One particular reference kept popping up though: Structure and Interpretation of Computer Programs. SICP, for short. THE book of the Scheme programming language. One of the most classic books in the field. Science? Nah, we're more like wizards casting spells, computers are merely the runes upon which we inscribe our programs. As awesome as that is, the book is not an easy read, especially for someone like me who doesn't have a background in mathematics or engineering. I've tried to read this book a few times by now but I never made it through the entire thing. So imagine my embarrassment when I realized it contained the exact answer to my question all along!

Chapter 5.4, one of the very last chapters, describes the explicit-control evaluator, a register and stack machine which evaluates lisp expressions without converting them into something else first.

The explicit-control evaluator

So I read the chapter a few times to make sure I had gotten it down and once I was somewhat confident in my understanding of the machine it was describing I went ahead and translated the entire thing to C, modifying it as I went along.

Lone's evaluator did not have many special cases. Things like if are traditionally implemented as special cases in the evaluator, but since lone has FEXPRs I was able to factor them out into the intrinsic lone module. In lone, programmers import if as though it was some random function instead of a core part of the language.

The result was a machine that implements what I have come to believe to be the true essence of lisp: self-evaluating values, and function application. A lisp machine, if you will.

It starts with an arbitrary lisp expression and attempts to reduce it to a single value. If the expression is something like a number then it cannot be reduced any further. The machine just returns it. Easy.

expression_evaluation: switch (lone_lisp_type_of(machine->expression)) { case LONE_LISP_TYPE_NIL: case LONE_LISP_TYPE_FALSE: case LONE_LISP_TYPE_TRUE: case LONE_LISP_TYPE_INTEGER: machine->value = machine->expression;

If it's a symbol, the machine looks up the value of the symbol in the current environment instead. Also easy.

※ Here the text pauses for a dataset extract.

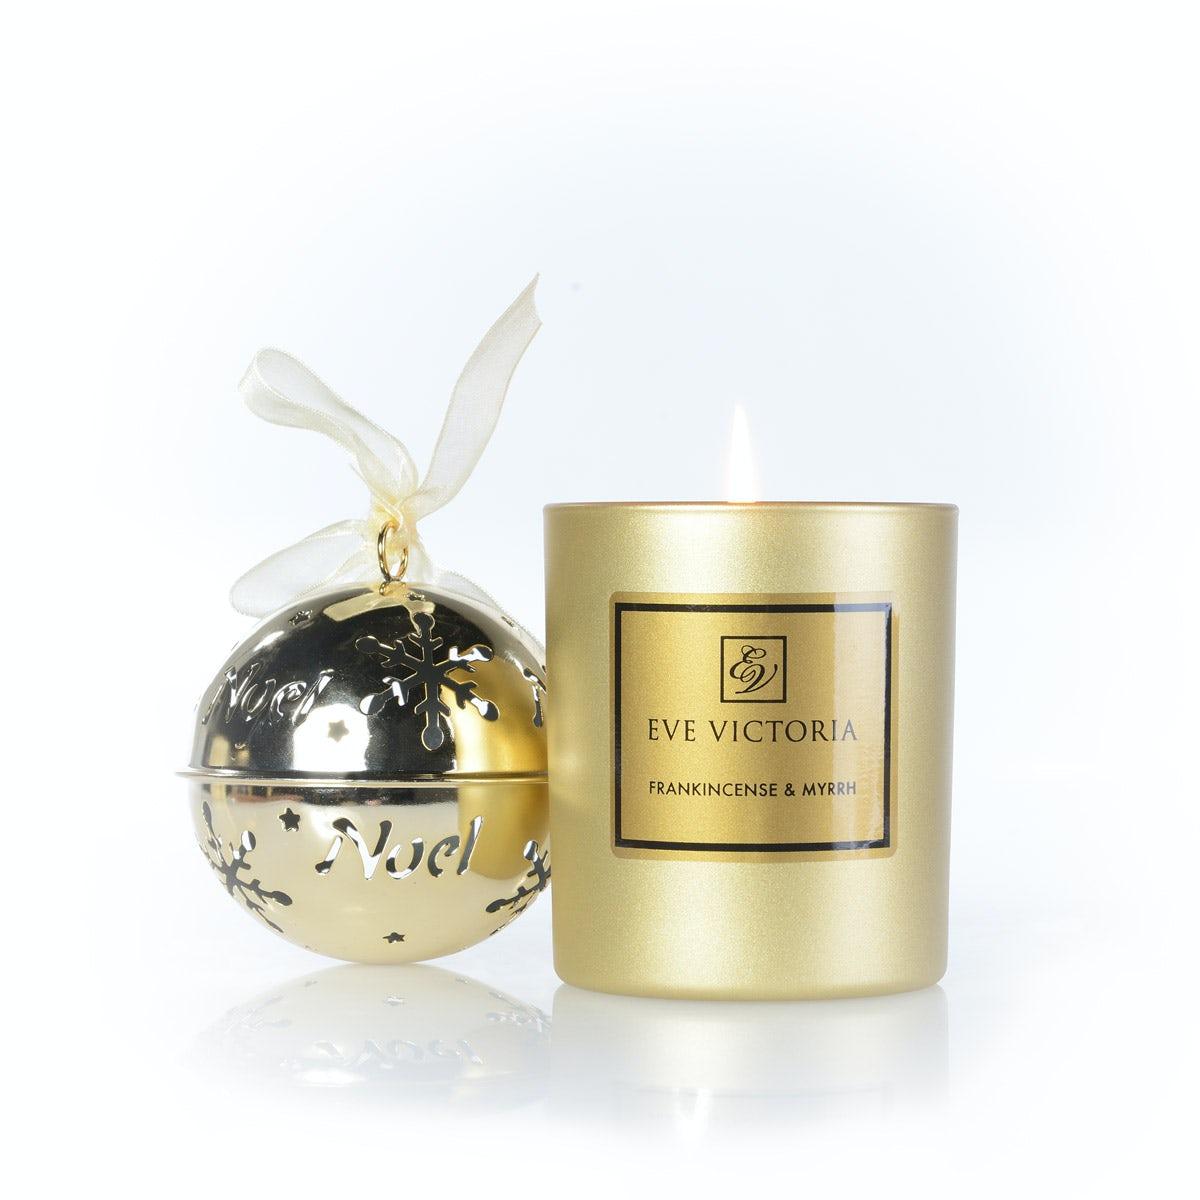 Eve Victoria Frankincense & myrrh large candle 30cl

case LONE_LISP_TYPE_SYMBOL: machine->value = lone_lisp_table_get(lone, machine->environment, machine->expression);

Only when the machine runs into a list does it really start processing.

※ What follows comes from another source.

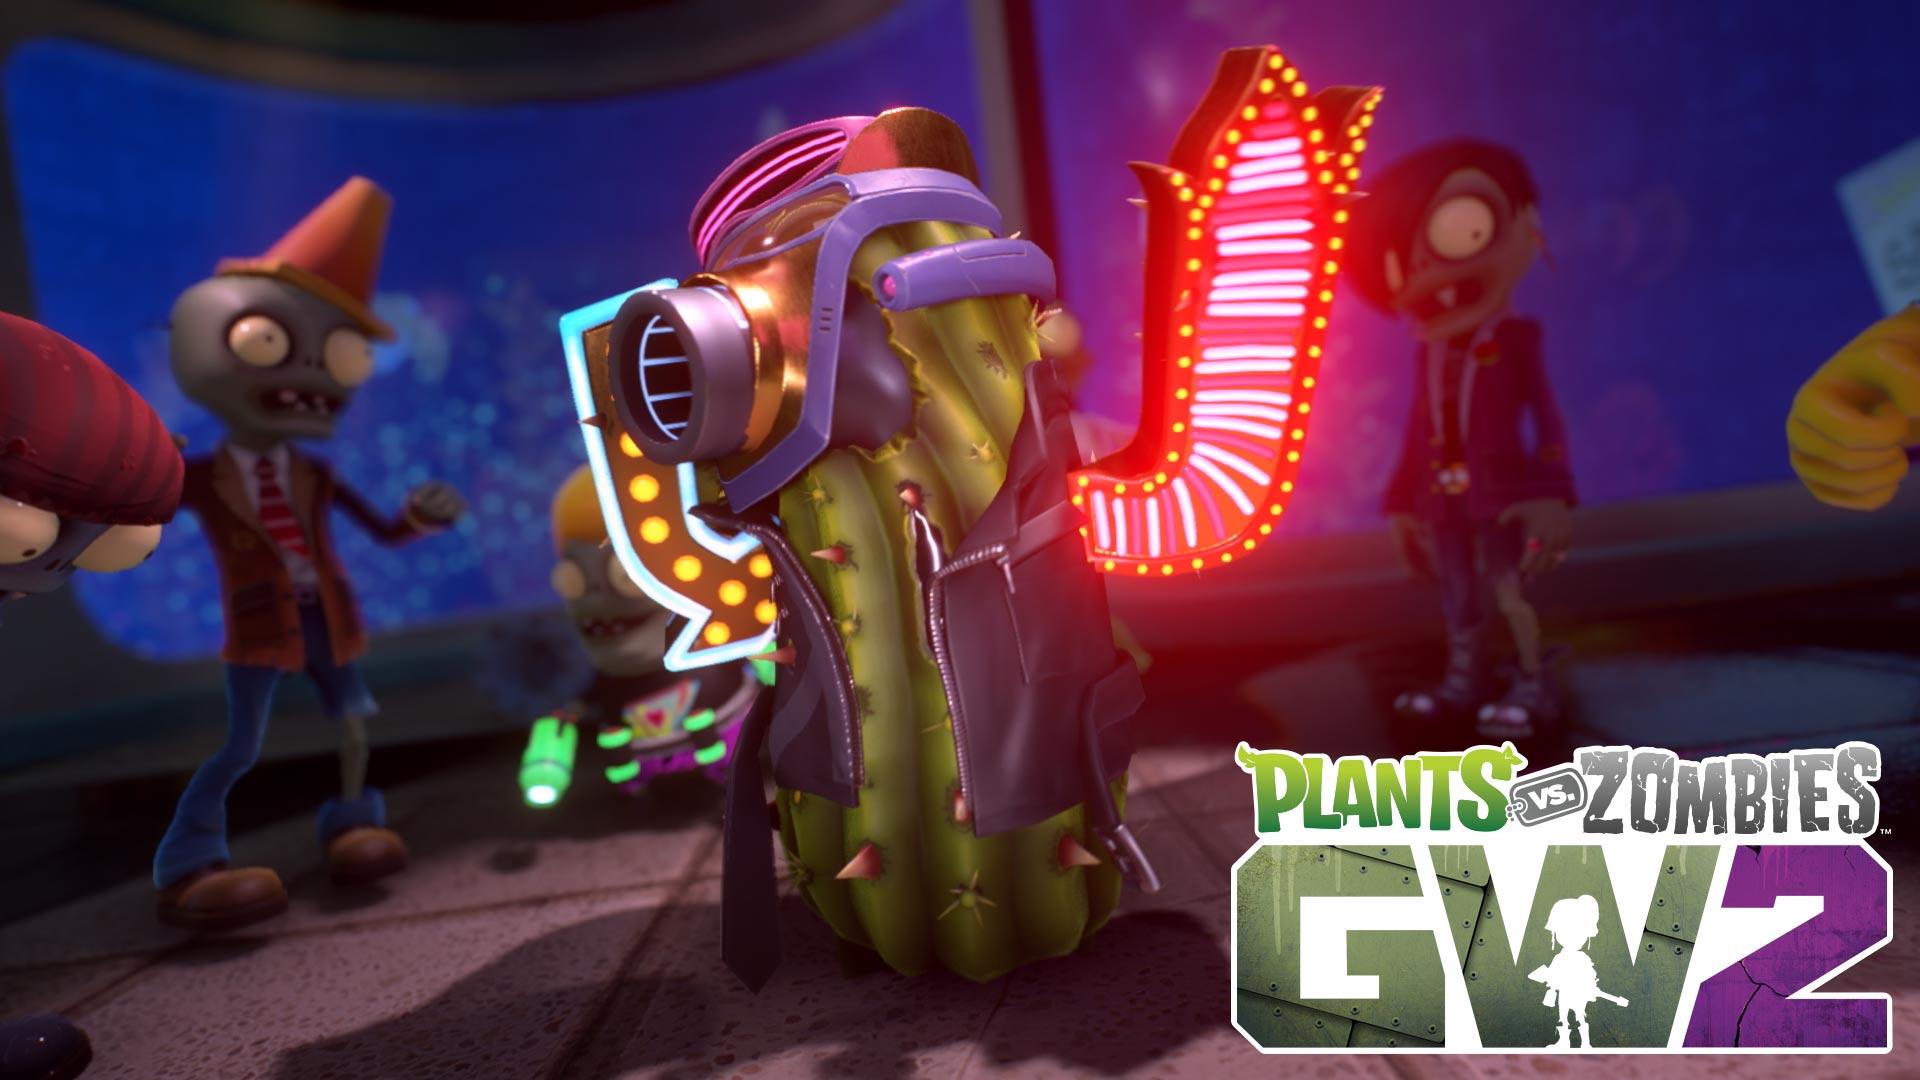 Free Plants vs. Zombies Garden Warfare 2 Update Brings New Content

Lists represent function application in the form (f x y z ...). The first thing that needs to happen is evaluation of the function itself. It's probably a variable pointing to the actual function value. It could also be a lambda expression. Whatever it is, it must be evaluated. So the machine loops back into the expression evaluation logic, this time with f as the expression.

case LONE_LISP_TYPE_LIST: machine->expression = lone_lisp_list_first(machine->expression); lone_lisp_machine_push_step(lone, machine, LONE_LISP_MACHINE_STEP_EVALUATED_OPERATOR); goto expression_evaluation;

Once this is done, it's time to figure out what to do with the arguments. This depends on the function.

if (should_evaluate_operands(machine->applicable, machine->unevaluated)) { machine->step = LONE_LISP_MACHINE_STEP_OPERAND_EVALUATION; } else { machine->list = machine->unevaluated; machine->step = LONE_LISP_MACHINE_STEP_APPLICATION; }

Normal functions evaluate all arguments. In these cases the machine loops back and forth, evaluating each argument and accumulating the results in a list. It's this list that gets passed to the function in the end. FEXPRs just skip this step, the arguments are passed to the function unevaluated.

case LONE_LISP_MACHINE_STEP_OPERAND_EVALUATION: machine->expression = lone_lisp_list_first(machine->unevaluated); if (lone_lisp_list_has_rest(machine->unevaluated)) { lone_lisp_machine_push_step(lone, machine, LONE_LISP_MACHINE_STEP_OPERAND_ACCUMULATION); } else { lone_lisp_machine_push_step(lone, machine, LONE_LISP_MACHINE_STEP_LAST_OPERAND_ACCUMULATION); } goto expression_evaluation; case LONE_LISP_MACHINE_STEP_OPERAND_ACCUMULATION: lone_lisp_list_append(lone, &machine->list, &head, machine->value); machine->step = LONE_LISP_MACHINE_STEP_OPERAND_EVALUATION; case LONE_LISP_MACHINE_STEP_LAST_OPERAND_ACCUMULATION: machine->applicable = lone_lisp_machine_pop_value(lone, machine); lone_lisp_list_append(lone, &machine->list, &head, machine->value); machine->step = LONE_LISP_MACHINE_STEP_APPLICATION;

The next step is to actually apply the arguments to the function.

When it's a lisp function, a new environment is created where the variables in the function's list of arguments are bound to their values, thereby allowing the function to reference them. This environment also inherits from the function's closure, allowing it to reference variables that were live when it was defined. Pretty standard stuff. All that's left to do is evaluate the function's body.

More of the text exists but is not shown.